(288e) A Genome-Scale Metabolic Model of Anabaena Sp. ATCC 33047 and Its Application to Design Strategies to Overproduce Nylon Monomers | AIChE

(288e) A Genome-Scale Metabolic Model of Anabaena Sp. ATCC 33047 and Its Application to Design Strategies to Overproduce Nylon Monomers


Hendry, J. I. - Presenter, Pennsylvania State University
Dinh, H., The Pennsylvania State University
Sarkar, D., The Pennsylvania State University
Wang, L., Pennsylvania State University
Bandyopadhyay, A., washington university, St. Louis
Pakrasi, H. B., Washington University in St. Louis
Maranas, C. D., The Pennsylvania State University
Large scale biofuel/chemical production using cyanobacteria is hindered due to poor growth rates of model cyanobacteria and demand for fresh water and nitrogen supplementation requirements. Anabaena sp. ATCC 33047 is a fast growing, marine and nitrogen fixing cyanobacteria that can overcome these challenges. However, it is less studied and its metabolism is poorly understood, making it presently unfit as a production host.
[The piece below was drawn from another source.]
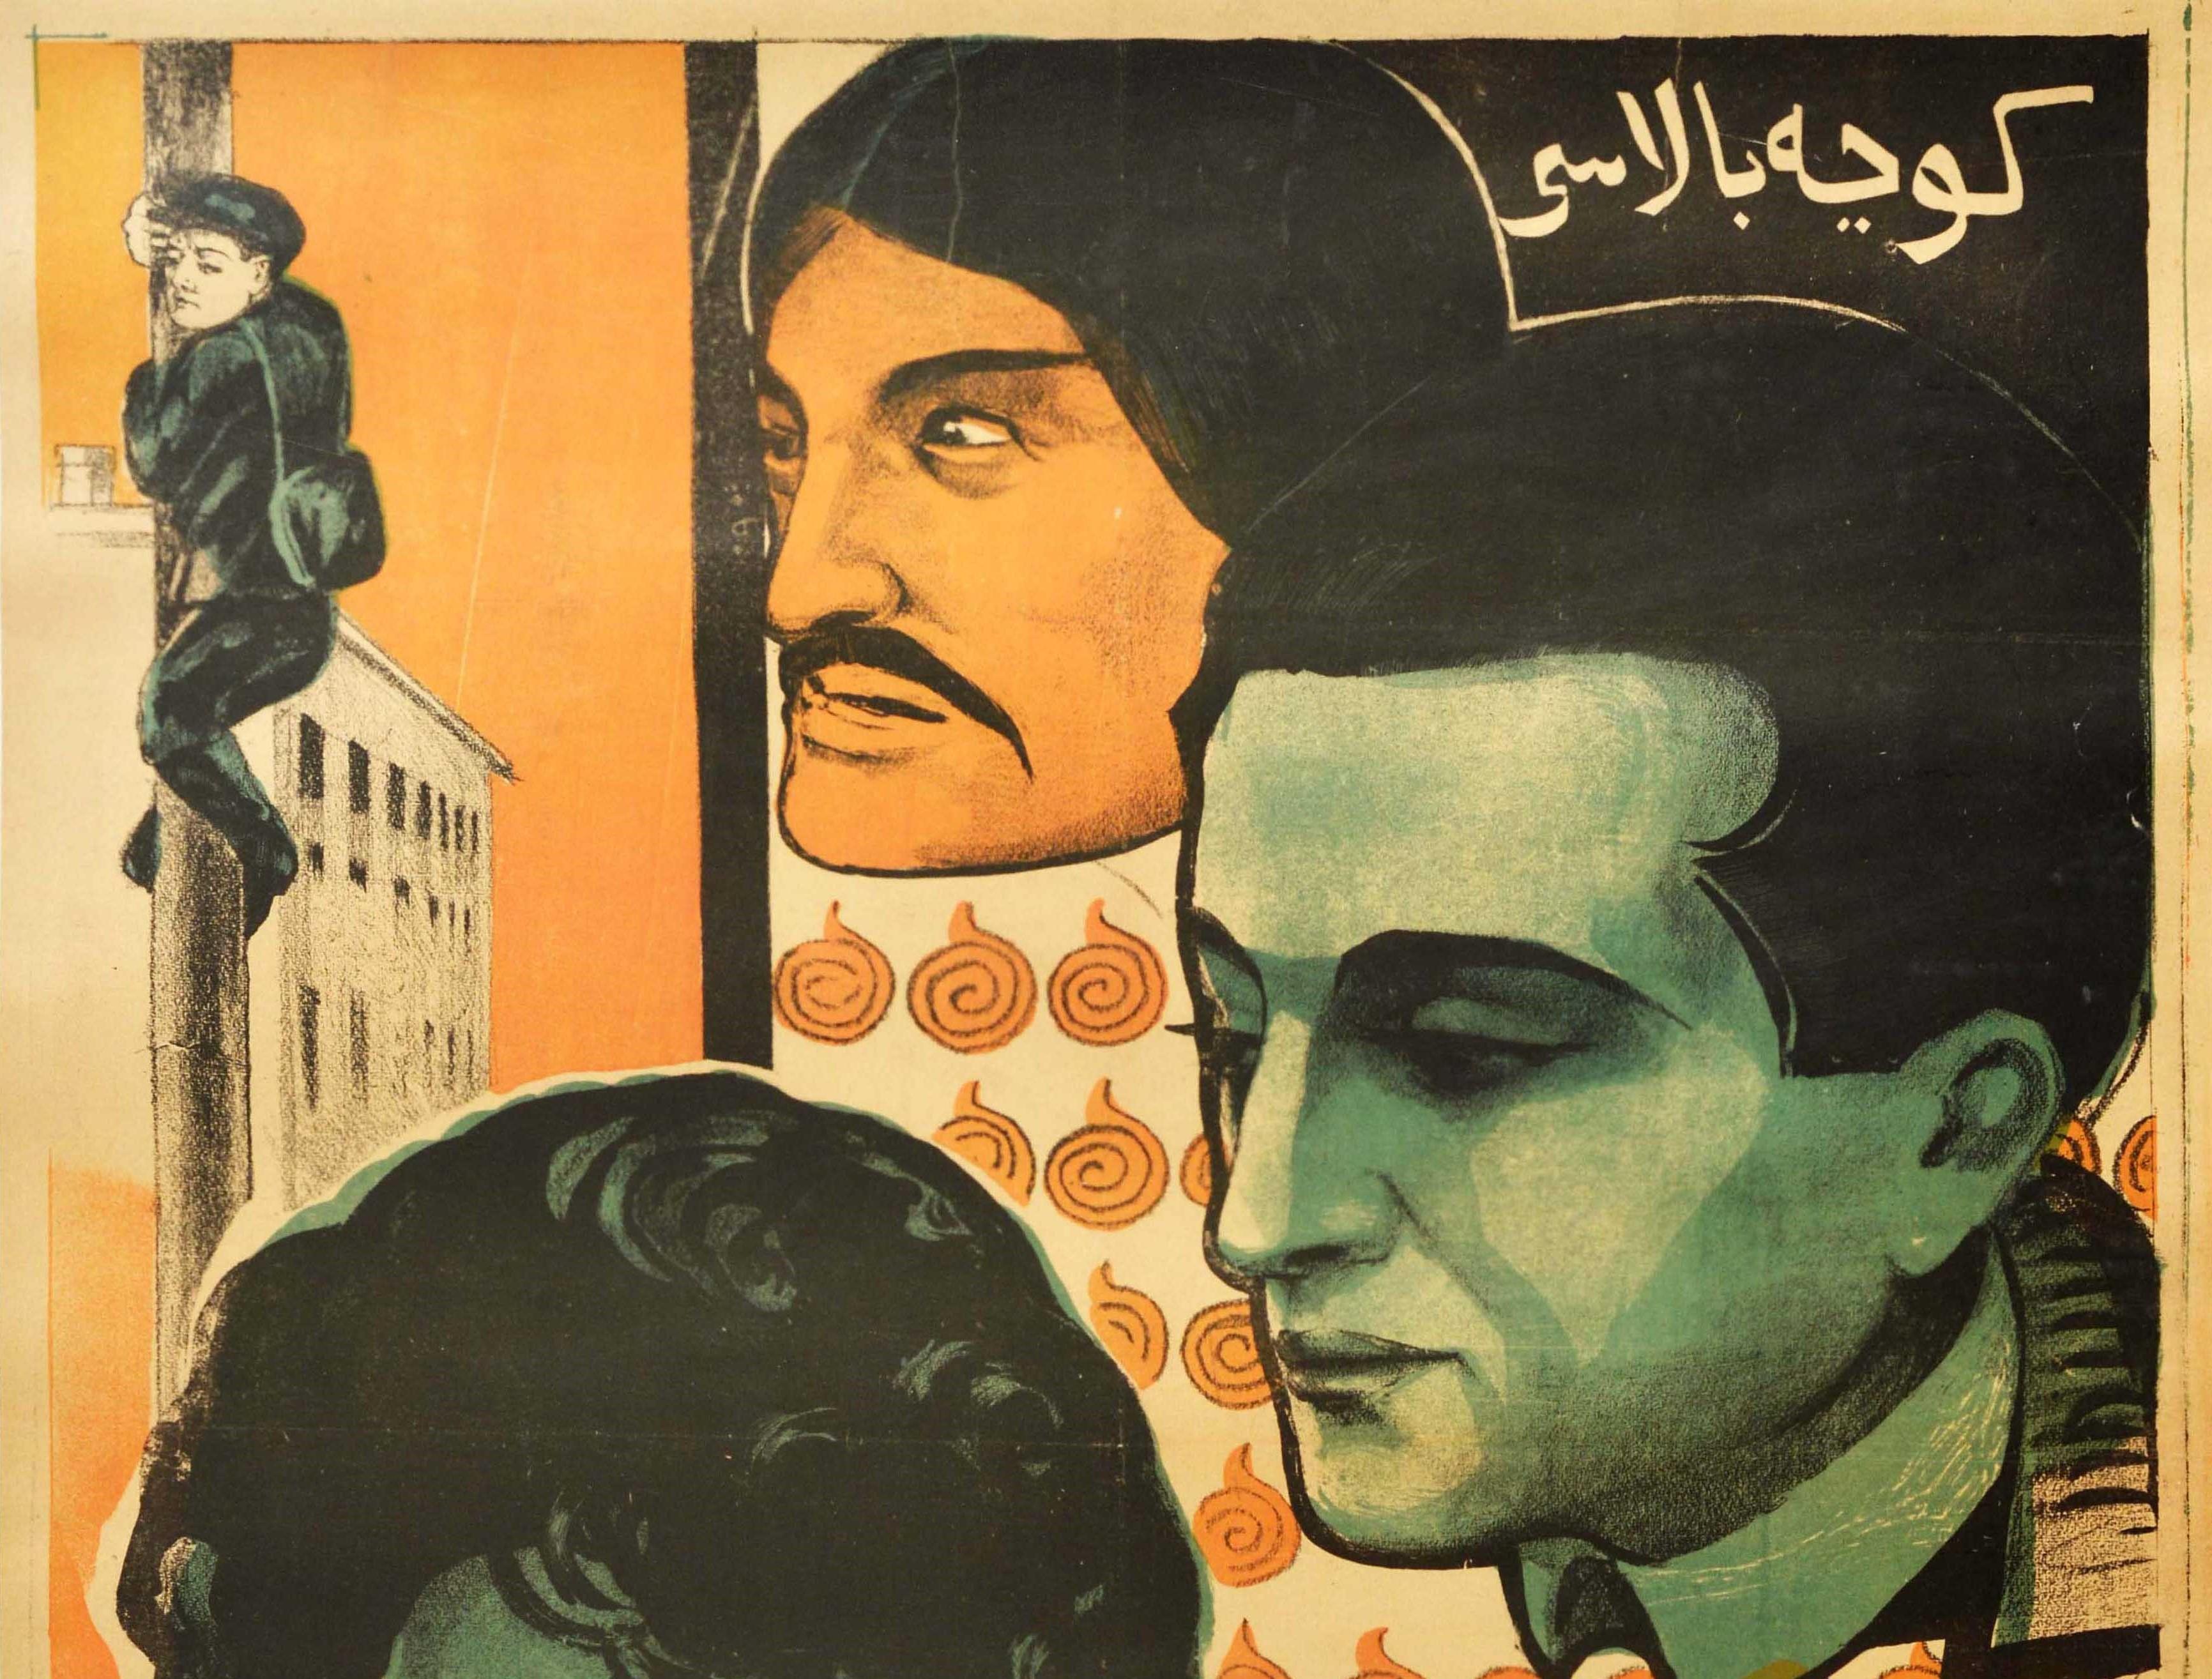 Original vintage film poster for ??? ????? / Son of the Streets produced by the Uzbekistan Soviet film department Uzbekgoskino featuring a constructivist design of a lady with short black hair in front of two men against a pattern of swirls on the

In order to deepen the understanding of this organism we constructed a genome scale metabolic model, iAnC892, for this organism by pooling together biochemical information from multiple databases including MetaCyc, ModelSEED, KEGG and a recently published metabolic model for the close relative Anabaena sp. PCC 7120 (Anabaena 7120). iAnC892 includes 953 unique reactions accounting for the annotation of 892 genes. It also captures the diazotrophic life cycle of Anabaena 33047 by accounting for both the vegetative and heterocyst cell types. Reaction content comparison with GSM of Anabaena 7120 revealed that there are 109 reactions including uptake hydrogenase, pyruvate decarboxylase, and pyruvate-formate lyase unique to iAnC892. These reactions have the potential to affect the flux distribution under dark fermentative conditions. iAnC892 facilitated the evaluation of energy production pathways in the heterocyst through cell specific deactivation of light reactions and glucose-6-phosphate metabolizing pathways. The analysis revealed the importance of light dependent electron transport in generating ATP and NADPH at the required ratio for optimal N2 fixation. To demonstrate the usefulness of the model for metabolic engineering, it was used alongside the strain design algorithm, OptForce to identify strategies to overproduce valerolactam and caprolactam. The model was able to recapitulate several of the experimentally successful strategies that overproduced precursors of valerolactam (lysine and 5-aminopentanoate) and caprolactam (succinate).